2010/1/19 Daniel Baumann <daniel@debian.org>:
> Hi,
>
> over the time, the current live-initramfs has shown that new features
> cannot be added without ugly hacks and that it needs to be rewritten in
> a more modern, modular way.
>
> As a first step, I'd like to gather a list of features (not their
> implementation!, that's a step later) that you need/want/like/use/miss
> from live-initramfs. So please also list things that the current
> live-initramfs does. If possible, please send in your list until the
> weekend. Here is mine[0]:
>
> ---snipp----
>
> Boot methods
> ------------
>
>  * Optical media (cd, dvd, bd) and nested images
>  * Mass storage (usb-zip, usb-hdd) and nested images
>  * Network filesystems (nfs, smb/cifs, afs) and nested images

If by nested images you mean something like a full live iso on a http
server or usb-hdd with supporting kernel/initramfs that loads the
squashfs from it. This has apparently its limits but is still quite
useful in many situations. Some of the limits would go away if you
could kexec the kernel and initramfs included in the image.

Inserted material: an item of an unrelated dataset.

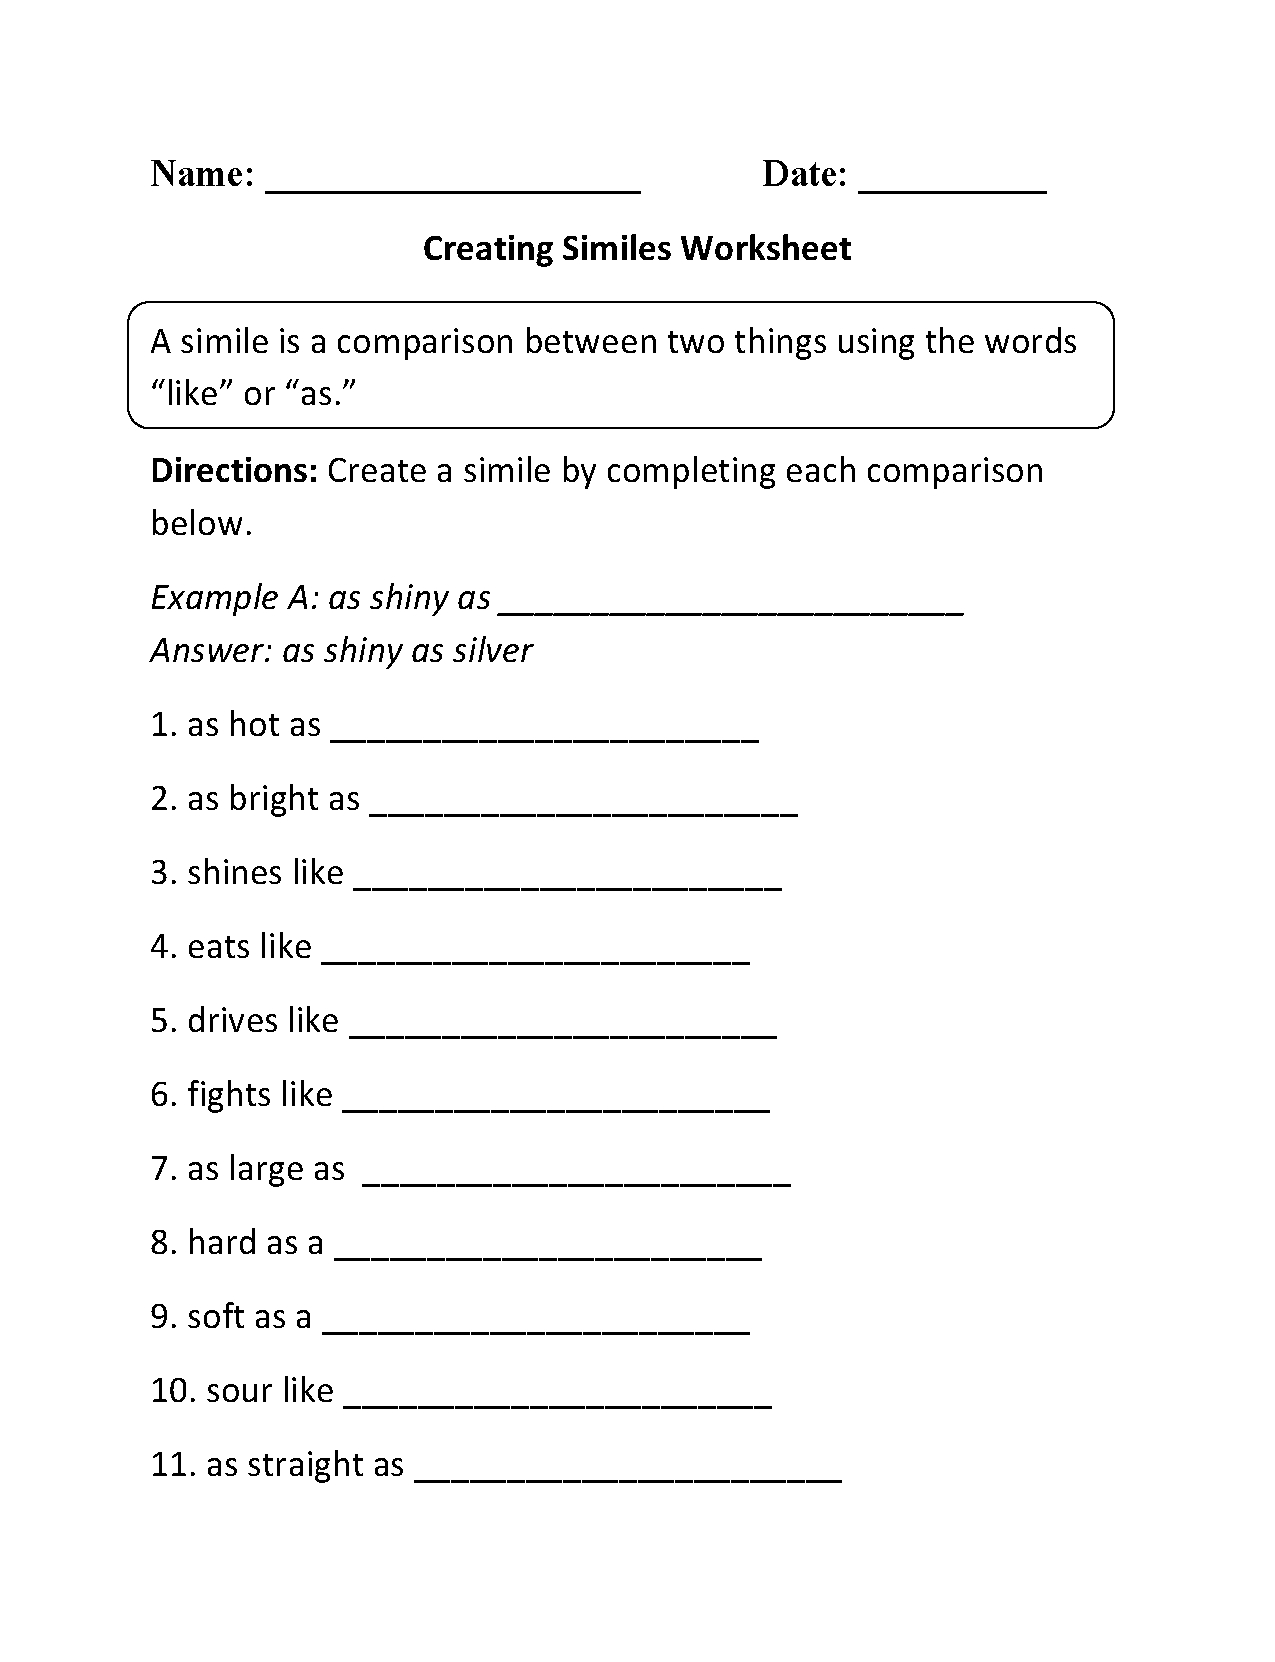 Creating Similes Worksheet | Simile Worksheet, Simile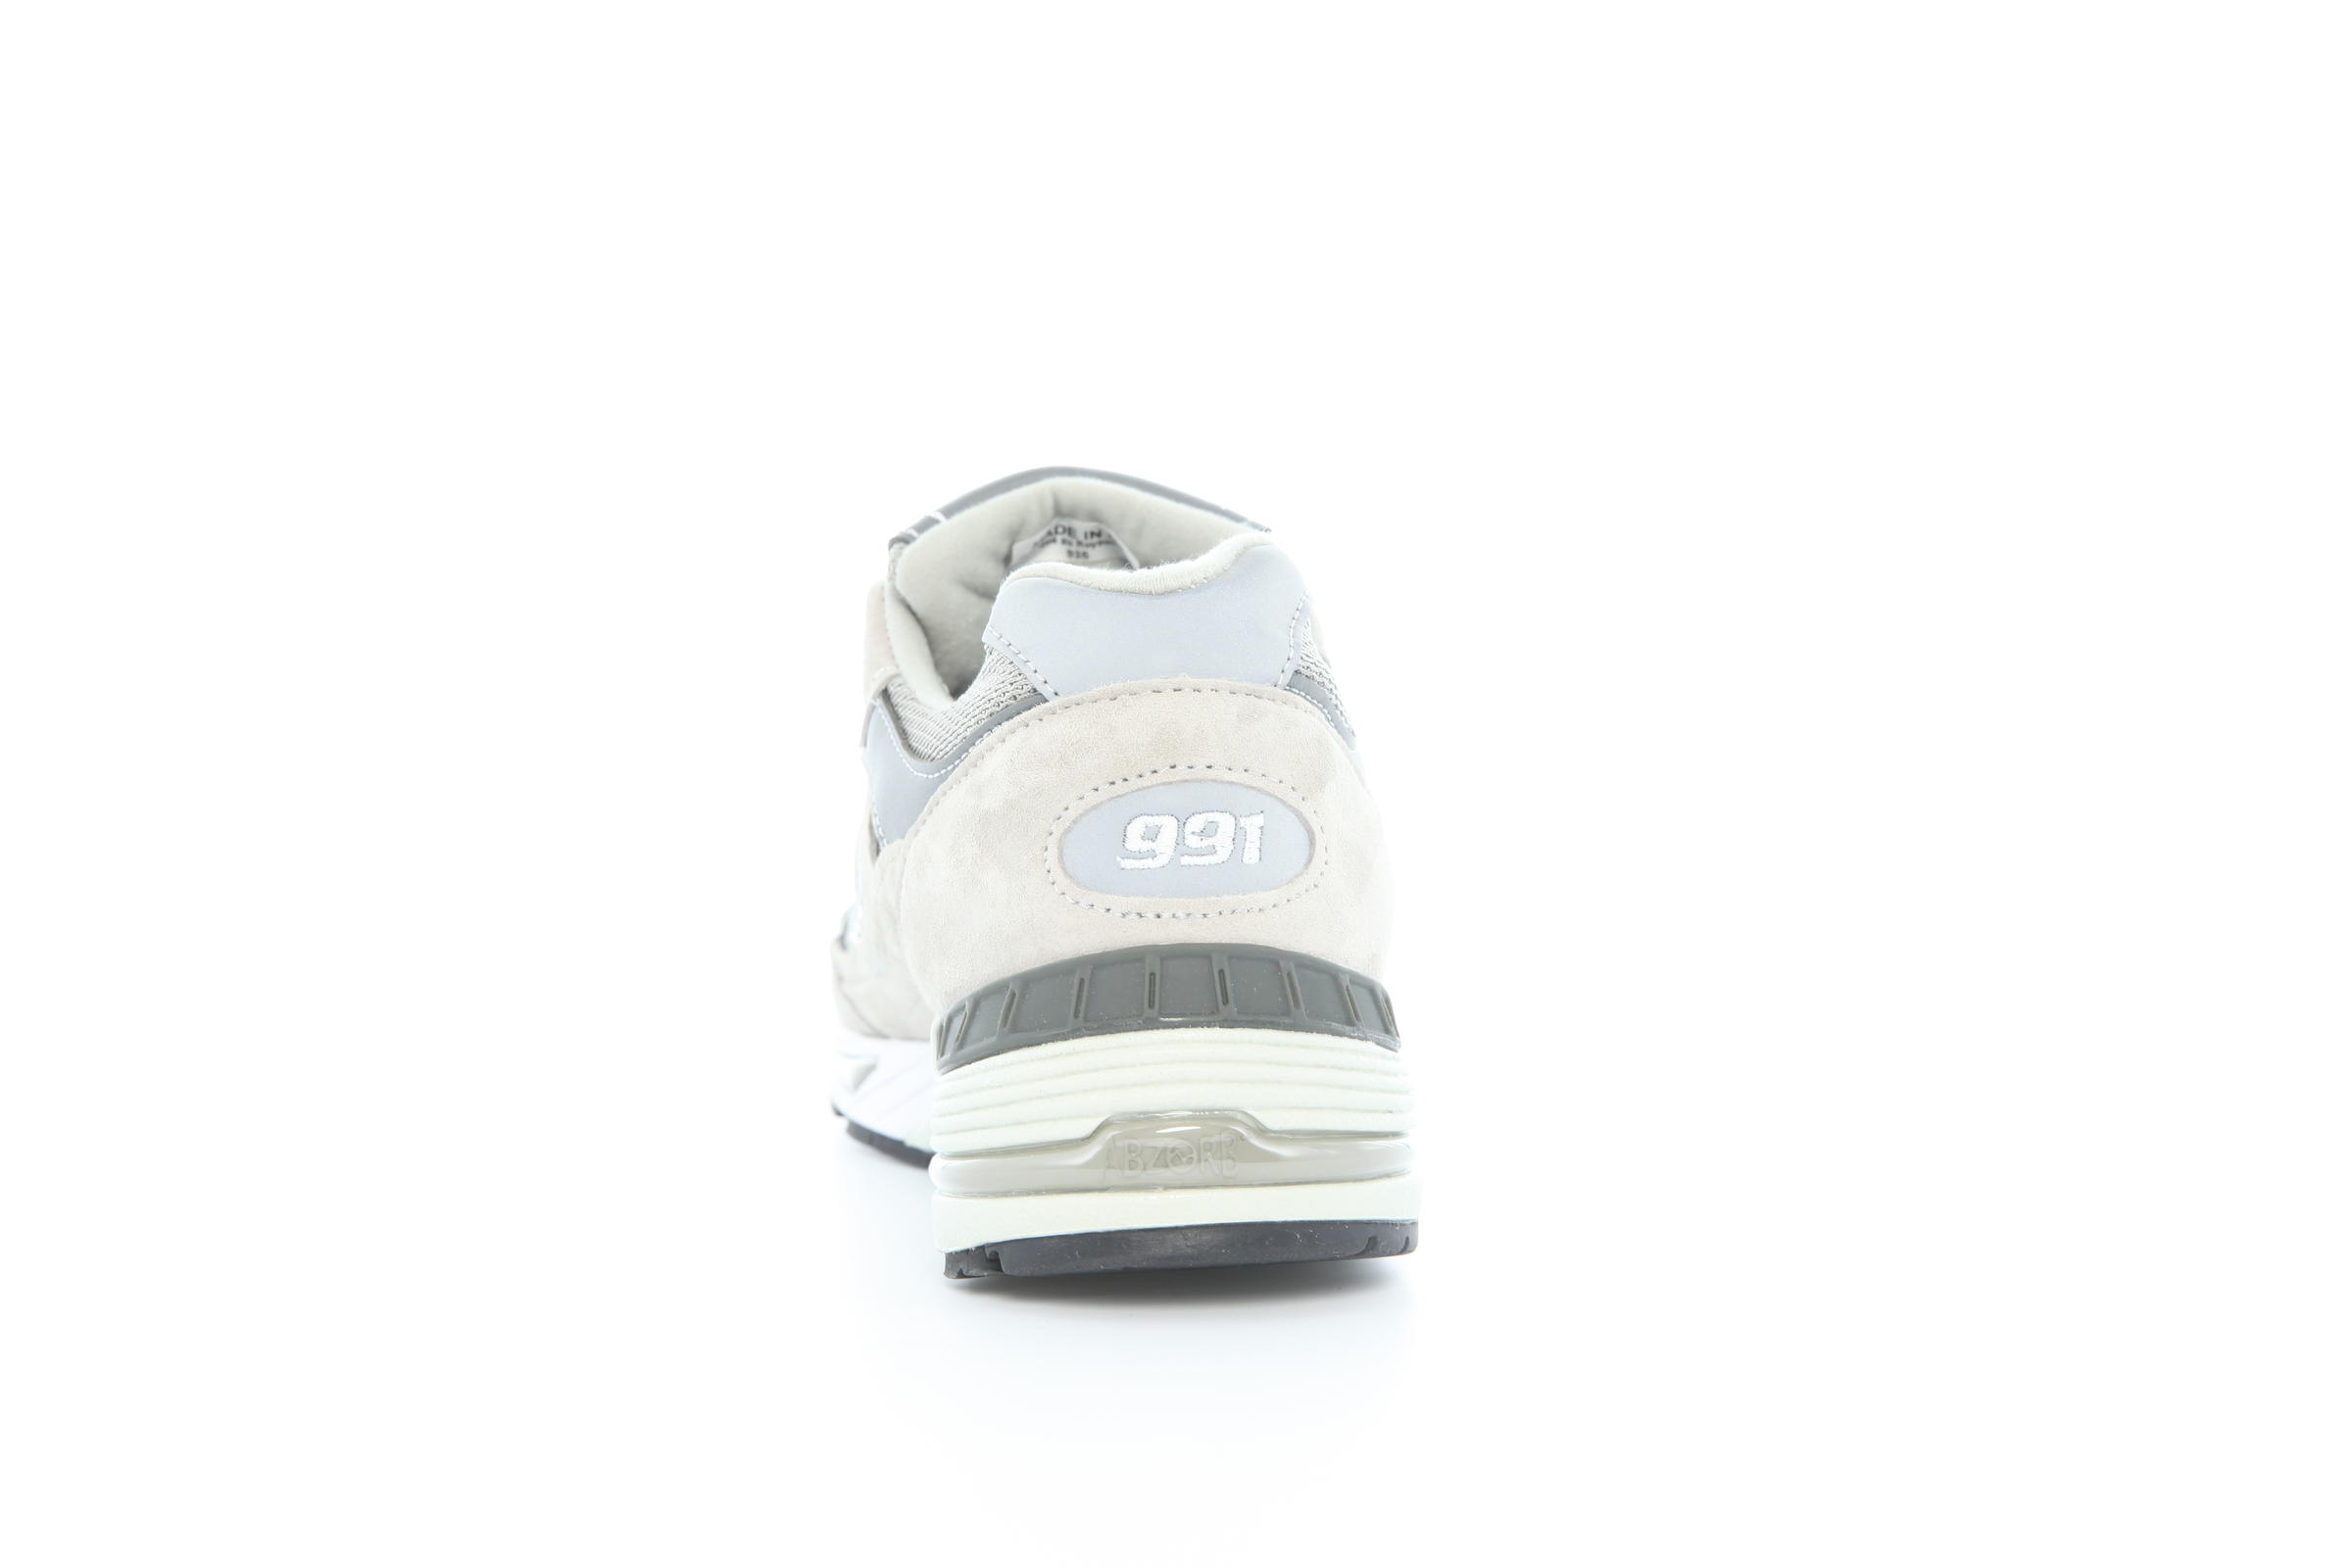 New Balance M 991 GL "Grey"

>  * Network protocols (http, ftp, rsync)

I don't think rsync or ftp is utterly useful - AFAIK they are wget
equivalent (which still has its uses, especially with the cheap RAM
these days).

>  * Network devices (nbd, aoe, iscsi)

Nice to have but not utterly useful either. You need special servers
for these and there was no visible performance difference, for me at
least. With nested images you could perhaps use stock iscsi hardware
somewhat efficiently. Still requires iscsid that works in initramfs,
currently patch is required.

>  * Local filesystems (ext2-4 etc.), as image and plain.
>  * Allow to include system completely in initrd.img (like debirf).

Probably not very useful - the initrd is usually loaded using very
slow code path with many limitation (especially on the image size) -
BIOS. Can be a replacement for wget with less configuration required,
though.

>  * Allow tunneling (ssh, openvpn, ike) when network is needed to access
>    the root filesystem.

Perhaps adding ssl to httpfs would be the simplest way. I wonder which
of these would run in the limited initramfs environment.

Also consider the security of the vmlinux/initramfs. Is adding more
security later really useful?

>
> Boot process
> ------------
>
>  * One time argument handling (with proper respect of live.conf,
>    also from /live/live.conf)
>  * One time function handling

What is one-time in a live system?

It's always one-time, although possibly repeated.

>  * Split out late user space to dedicated package (live-initscripts)
>  * Distributor specific mode for overloading of functions
>  * Release specific compatibility/legacy handling during package
>    build-time
>  * i18n/l10n support during early userspace (gettext, po4a)
>  * Splash support (plymouth, splashy)

For me l-i works with splashy quite well. There is minor problem that
during l-i there is no progress, not even the "unknown progress", the
bar is just empty. Requires moving around some non-live initramfs
stuff because splashy uses libdirectfb which breaks the system if
initialized twice (such as in initramfs and after system resume). As
d-l is not utterly swsusp compatible to start with this is of little
concern.

>  * Use initramfs keyb functions, rather than re-implenting wheels
>
> Features
> --------
>
>  * Redo persistency from scratch
>  * Allow to clear persistency (by reformating the partition) through
>    live-initramfs (for the firmware trick: factory reset).
>  * cryptsetup for persistency layer
>  * persistency layer on network shares, global and per user.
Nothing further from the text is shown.